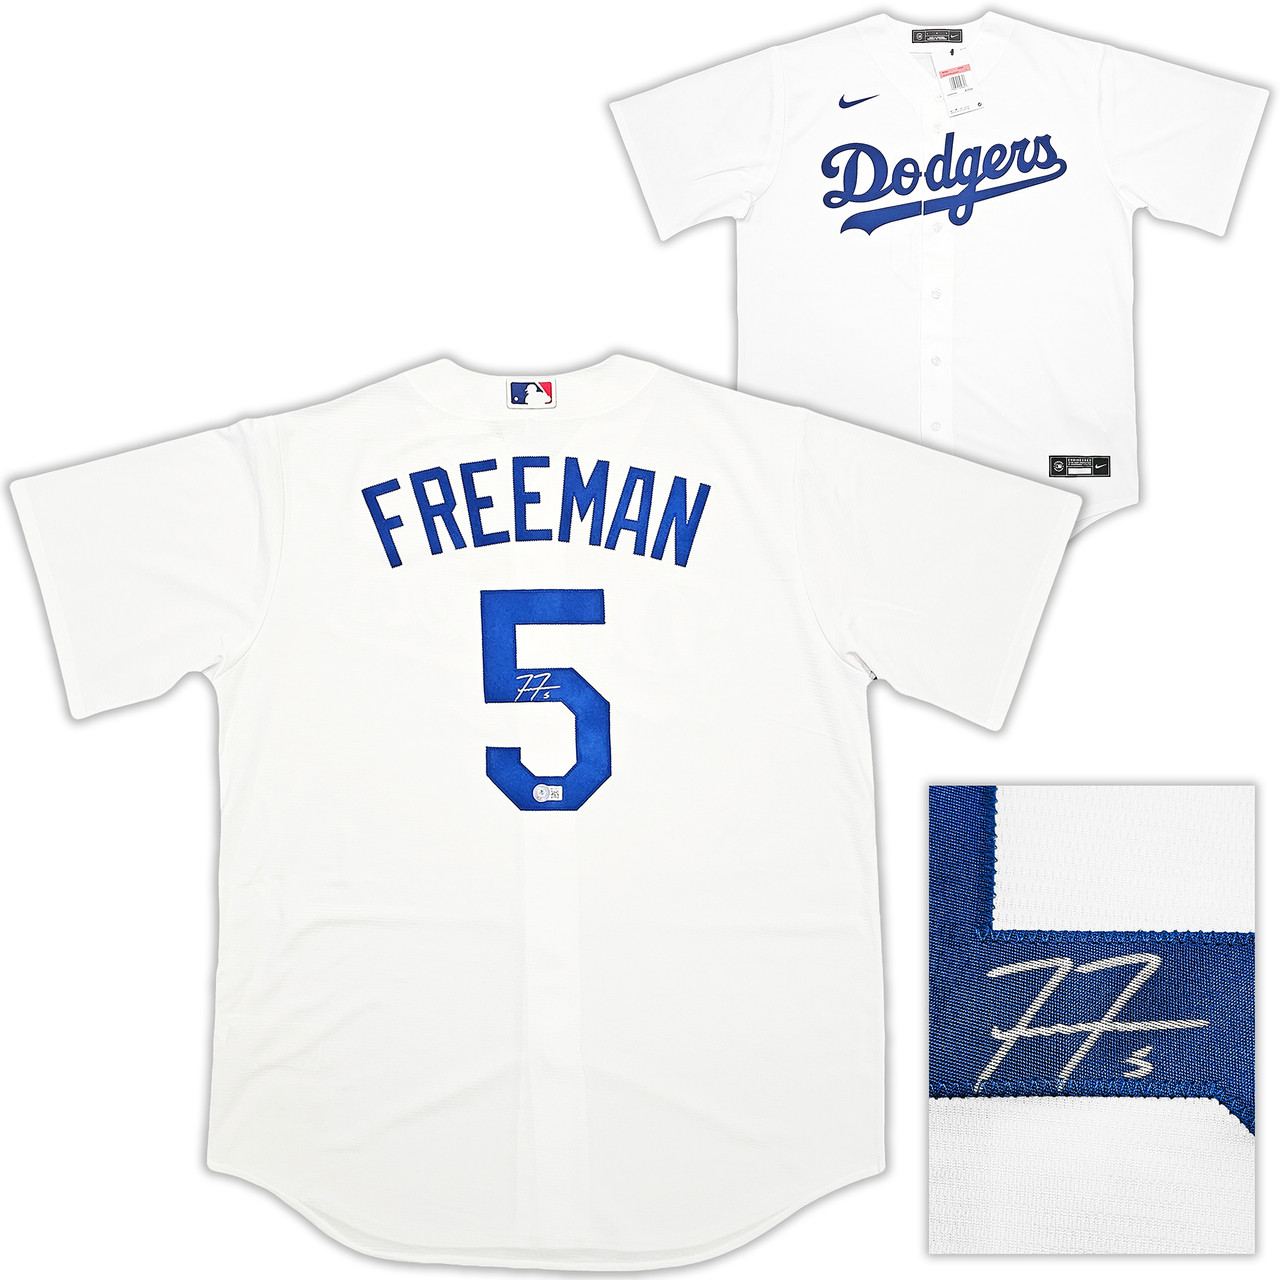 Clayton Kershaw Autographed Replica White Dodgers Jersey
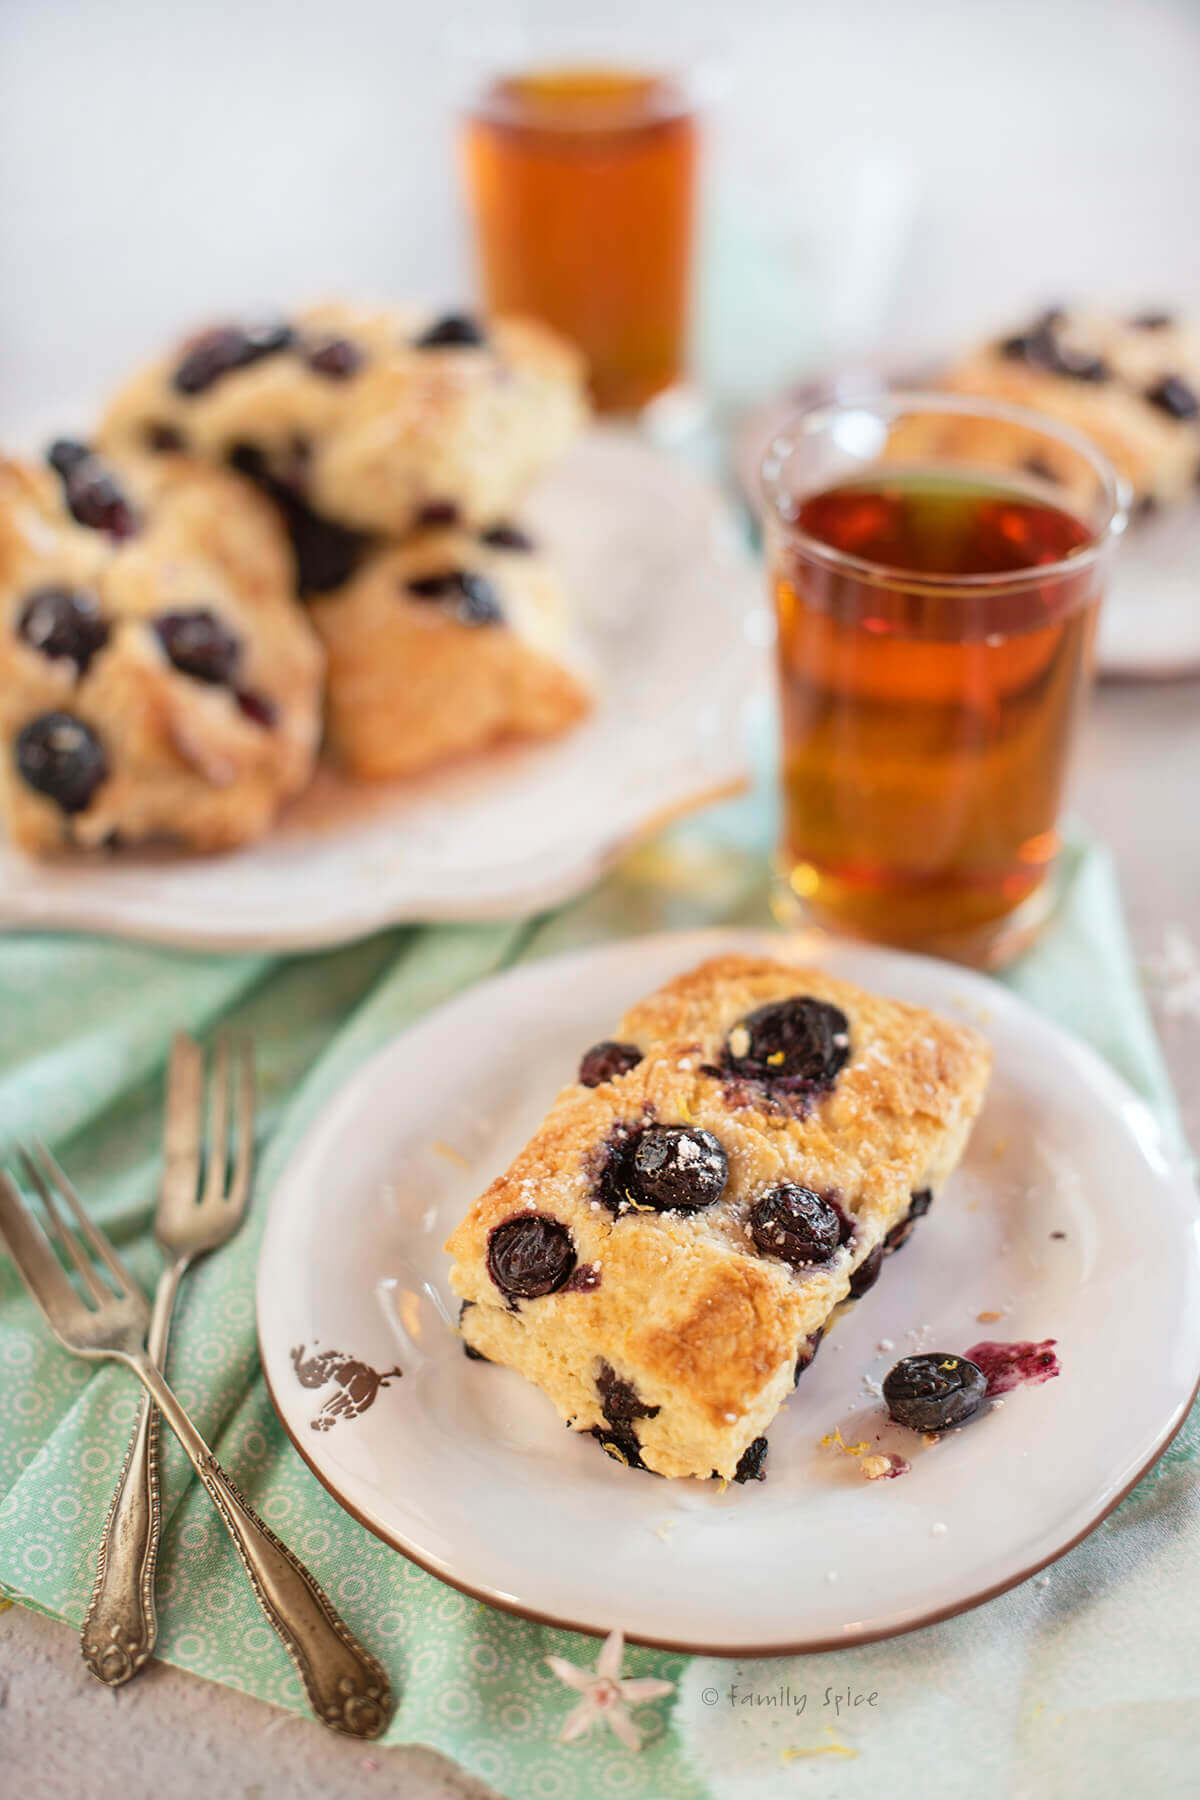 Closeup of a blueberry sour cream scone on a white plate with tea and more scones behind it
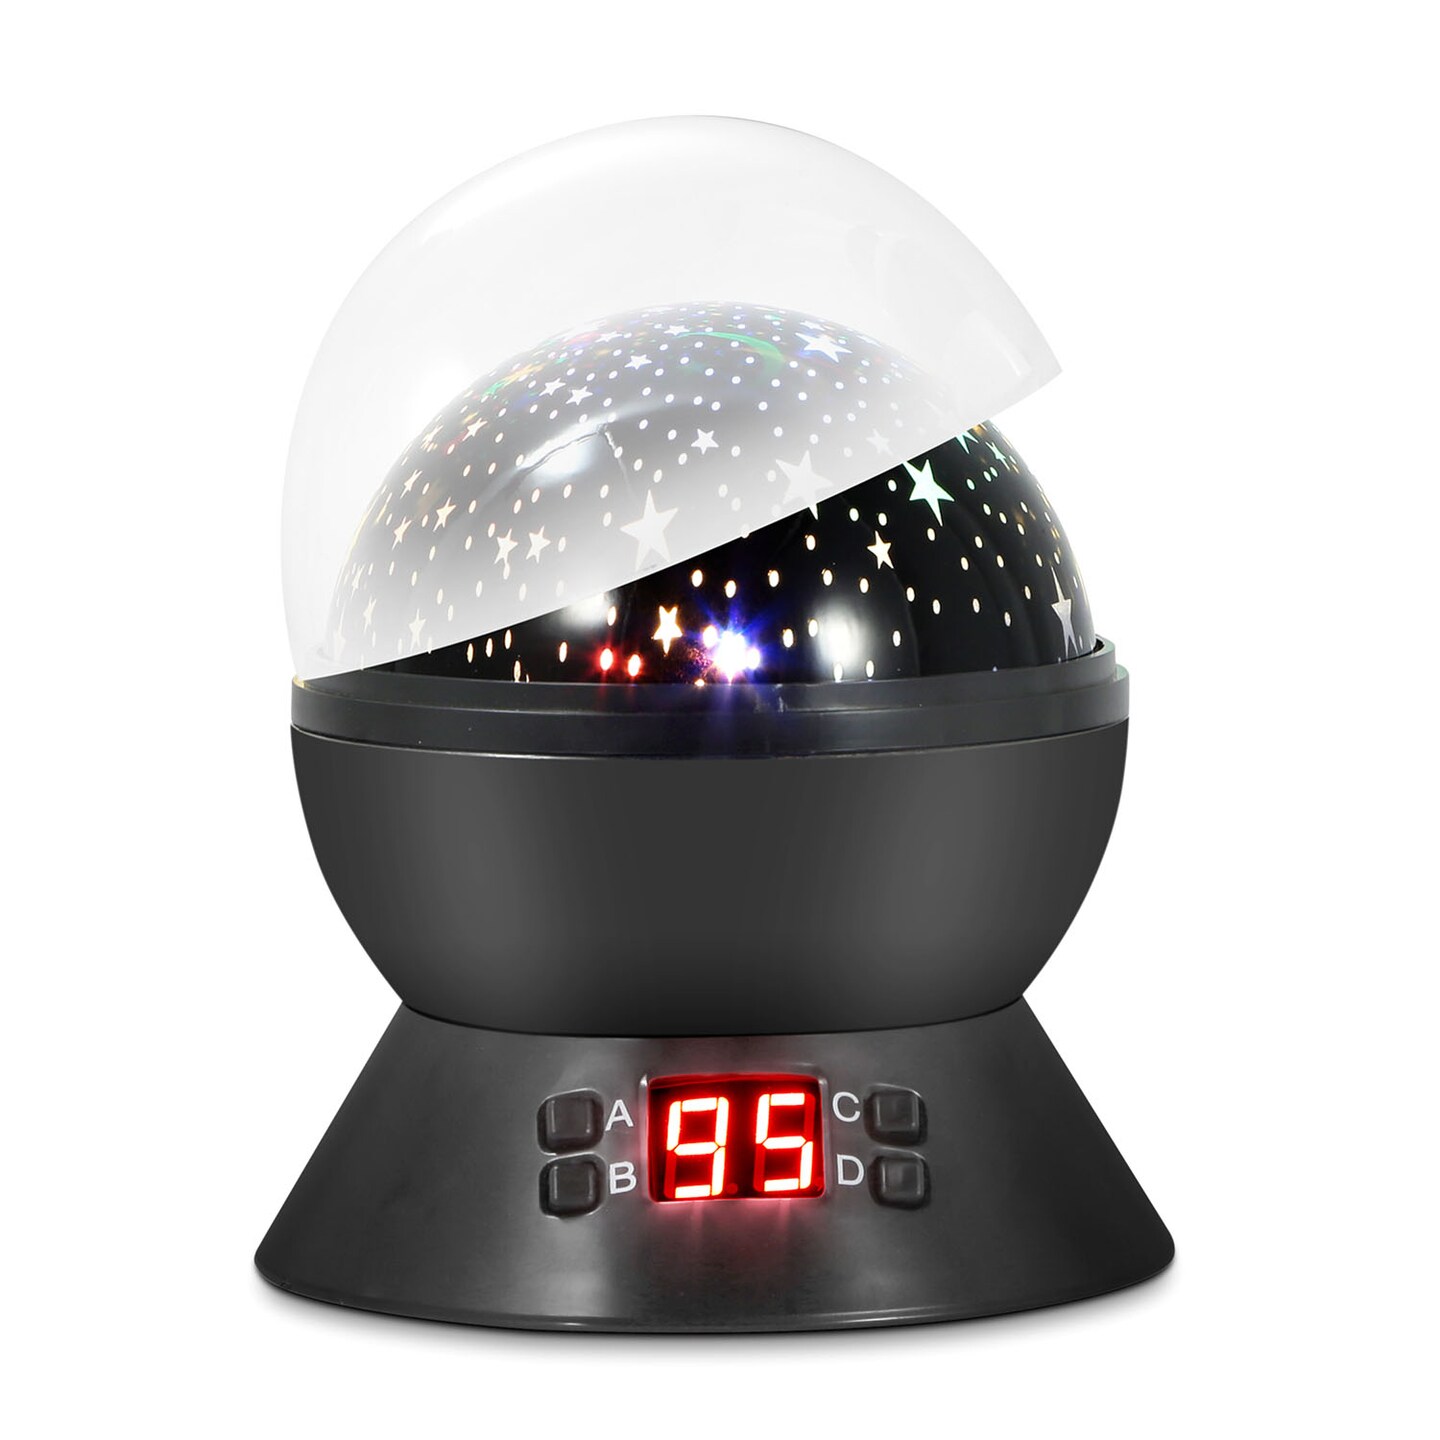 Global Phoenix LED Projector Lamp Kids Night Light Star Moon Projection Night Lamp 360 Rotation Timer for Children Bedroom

*-*-*

#### PROBLEM STATEMENT
Your copy should hold exactly and only the lines from the one containing "Closeup of a" through the end of the material, inclusive, repeated word for word and without pictures.

#### ANSWER AREA
 Closeup of a blueberry sour cream scone on a white plate with tea and more scones behind it
 Global Phoenix LED Projector Lamp Kids Night Light Star Moon Projection Night Lamp 360 Rotation Timer for Children Bedroom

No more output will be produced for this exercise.